--- Problem to solve ---
For this exercise, write out every entry exactly and leave the pictures out.
(Beginning of Records supplied)
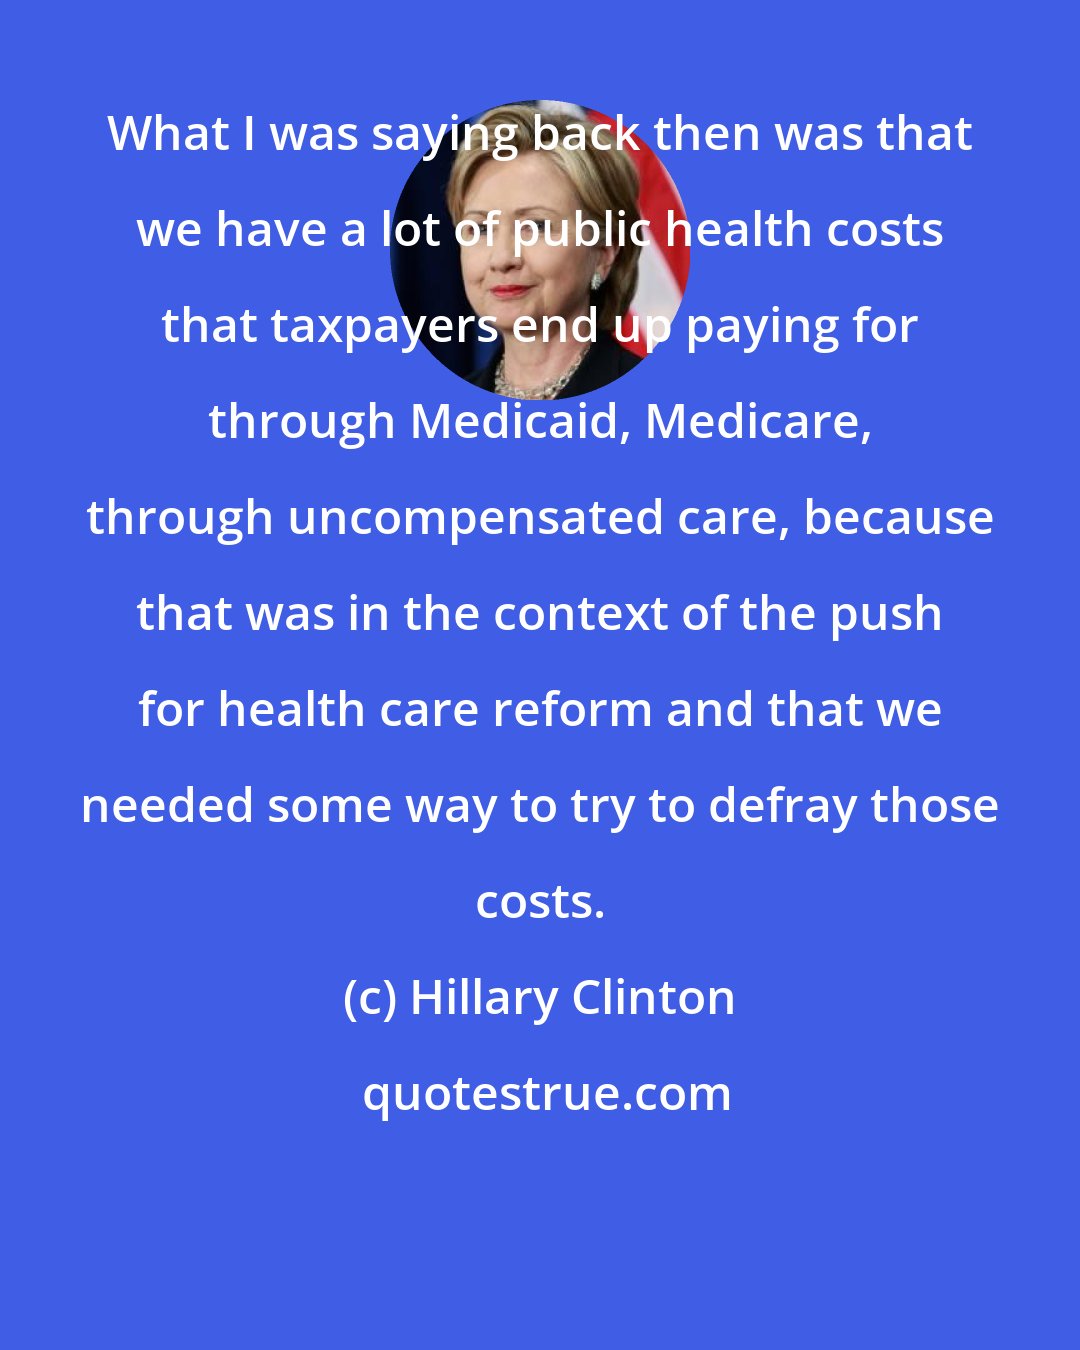 Hillary Clinton: What I was saying back then was that we have a lot of public health costs that taxpayers end up paying for through Medicaid, Medicare, through uncompensated care, because that was in the context of the push for health care reform and that we needed some way to try to defray those costs.
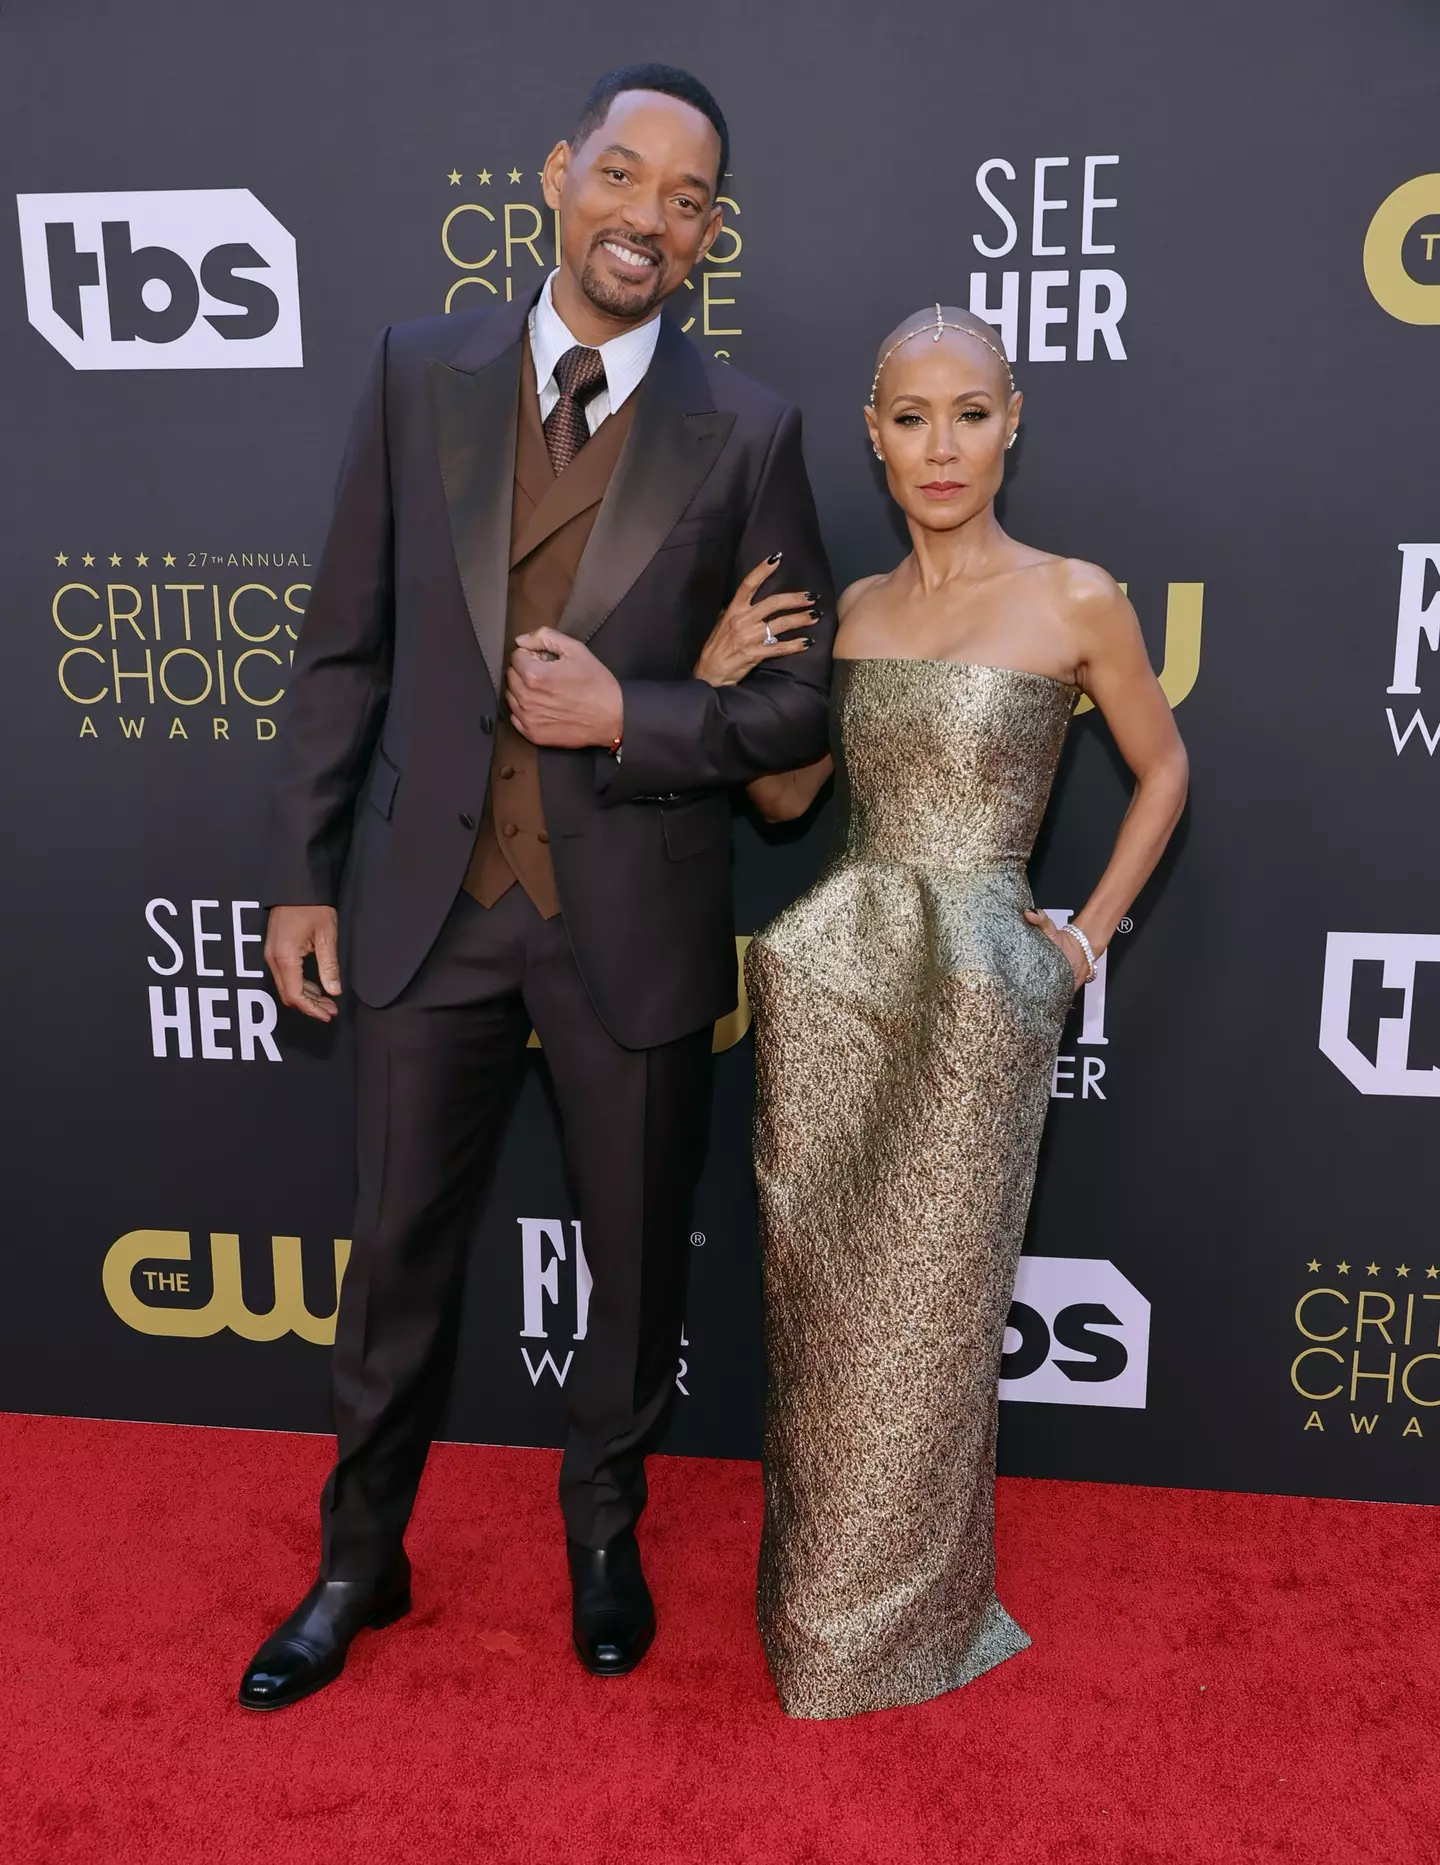 Jada Pinkett Smith says the former couple decided against prenup.
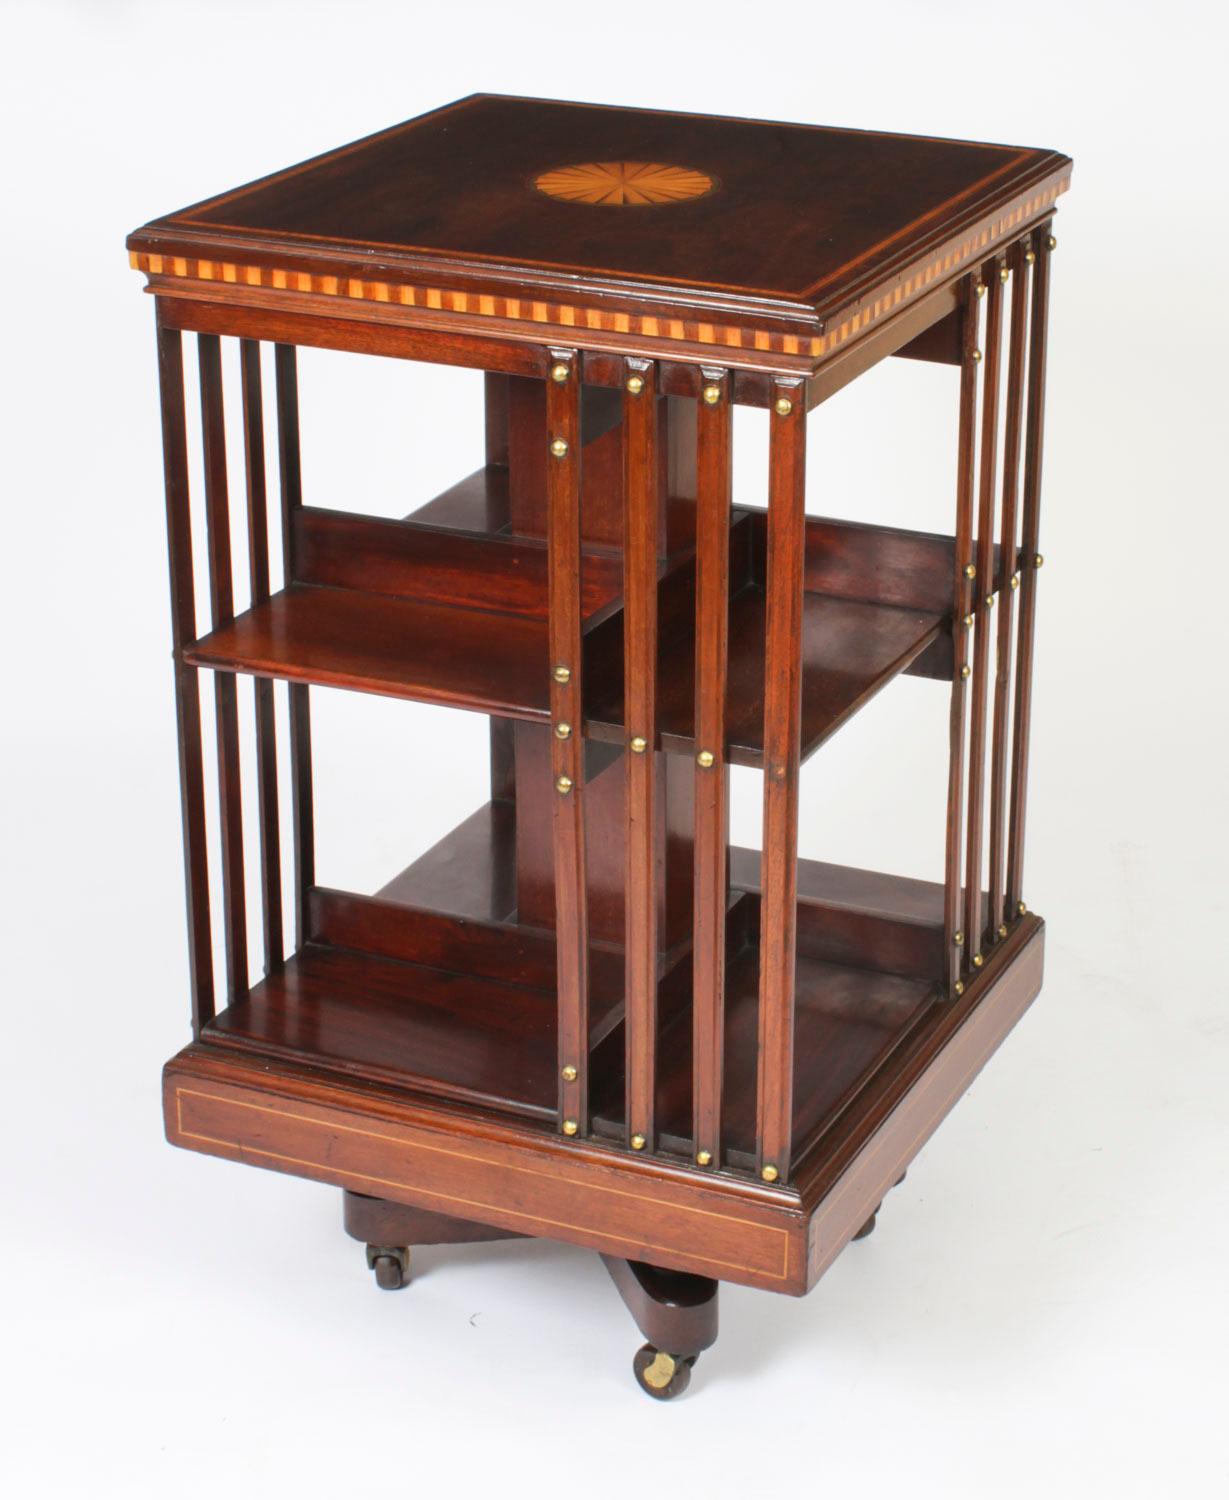 This an exquisite antique revolving bookcase  attributed to the renowned Victorian retailer and manufacturer Maple & Co., circa 1900.

It is made of mahogany , revolves on a solid cast iron base, has inlaid boxwood lines to the top and bottom,  the
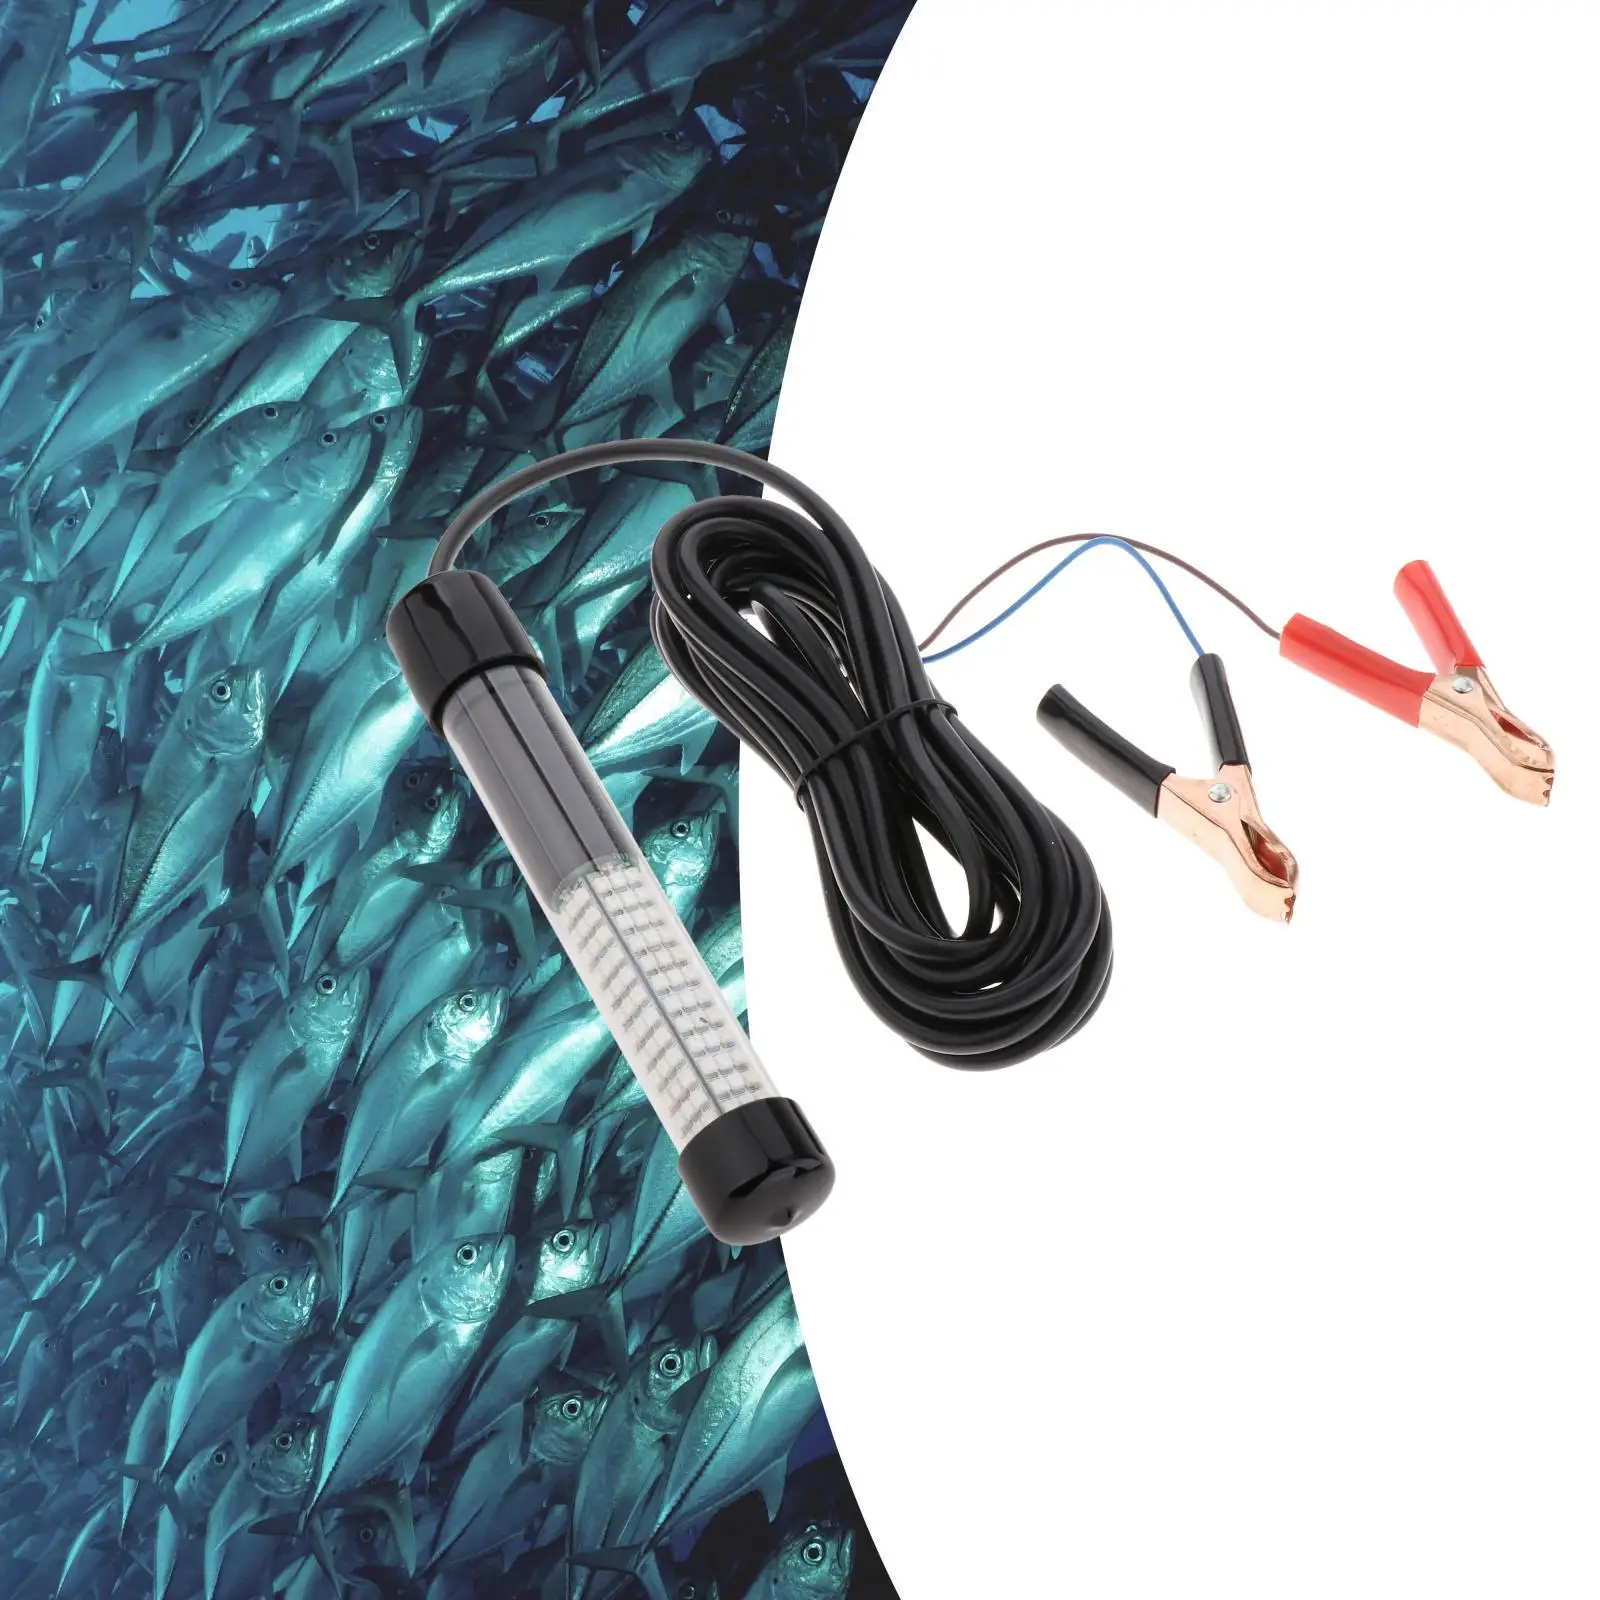 Submersible Fishing Light 12V Waterproof with 5M Cord Clip Portable 20W Underwater Fishing Light Crappie for Ice Fishing
(End of Records supplied)
--- Exercise solution ---
 Hillary Clinton: What I was saying back then was that we have a lot of public health costs that taxpayers end up paying for through Medicaid, Medicare, through uncompensated care, because that was in the context of the push for health care reform and that we needed some way to try to defray those costs.
 Jada Pinkett Smith says the former couple decided against prenup.
 This an exquisite antique revolving bookcase  attributed to the renowned Victorian retailer and manufacturer Maple & Co., circa 1900.

It is made of mahogany , revolves on a solid cast iron base, has inlaid boxwood lines to the top and bottom,  the
 Submersible Fishing Light 12V Waterproof with 5M Cord Clip Portable 20W Underwater Fishing Light Crappie for Ice Fishing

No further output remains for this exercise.